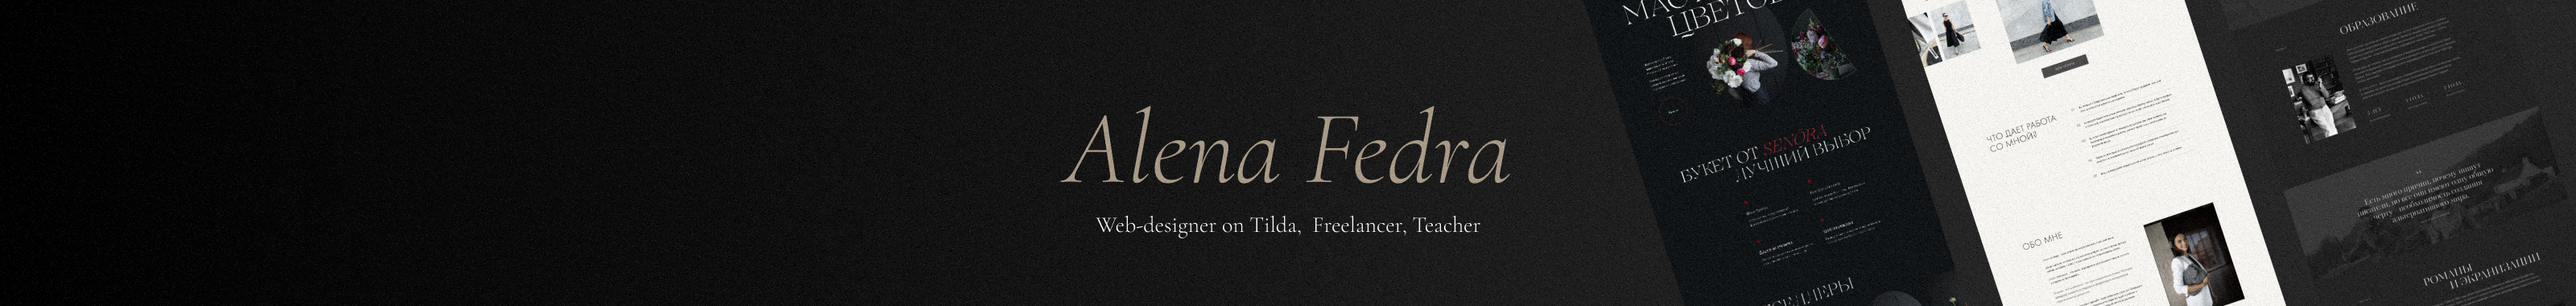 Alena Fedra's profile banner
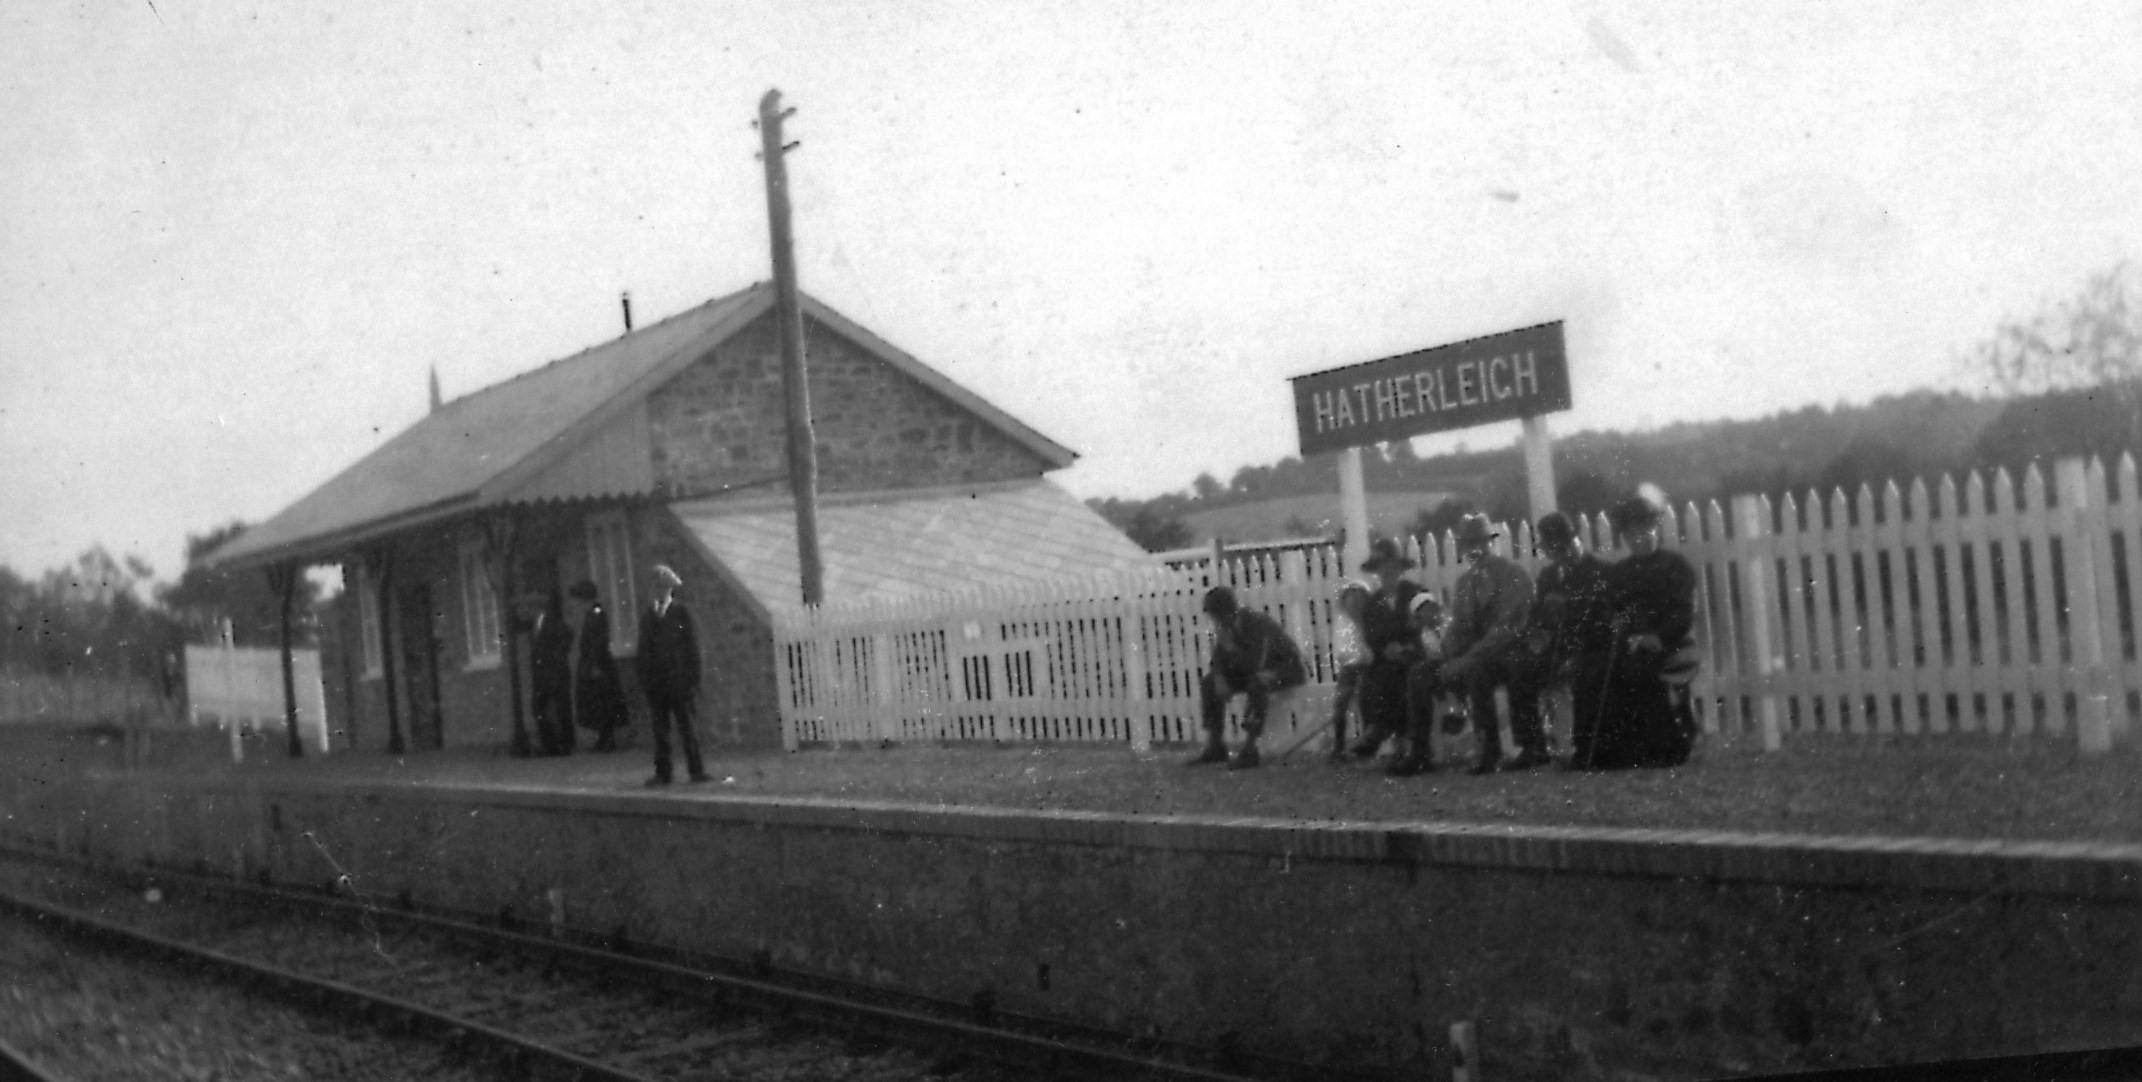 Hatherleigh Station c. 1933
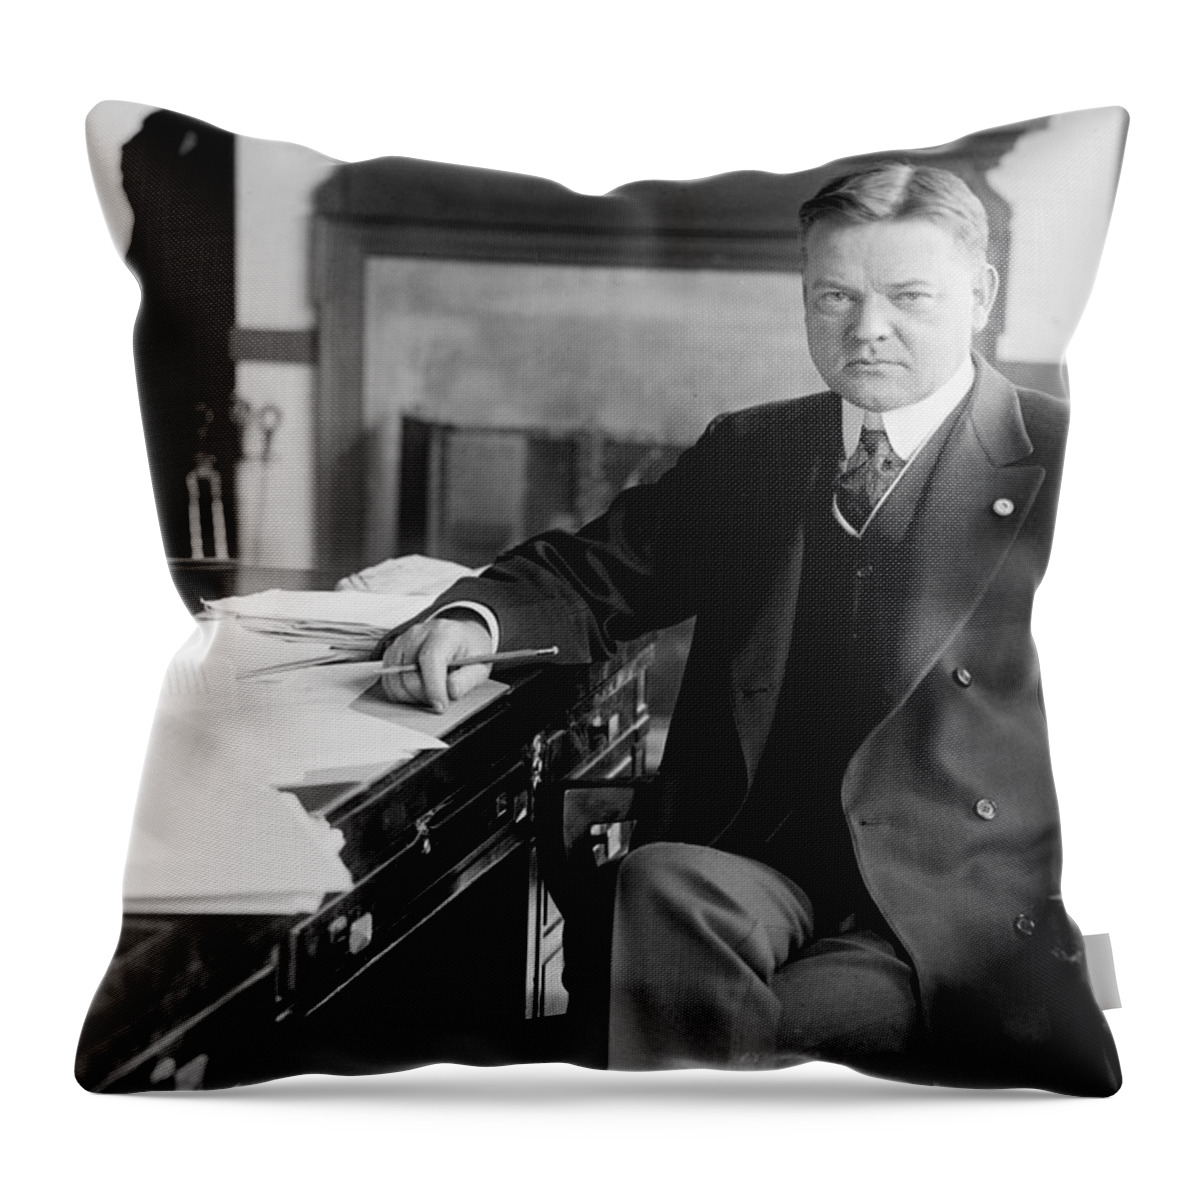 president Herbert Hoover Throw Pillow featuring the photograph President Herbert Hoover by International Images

- - - - - - -

Your instructions:
Set down the material above word for word and skip its pictures.

Exercise result:
 Alena Fedra's profile banner
 Hatherleigh Station c. 1933
 president Herbert Hoover Throw Pillow featuring the photograph President Herbert Hoover by International Images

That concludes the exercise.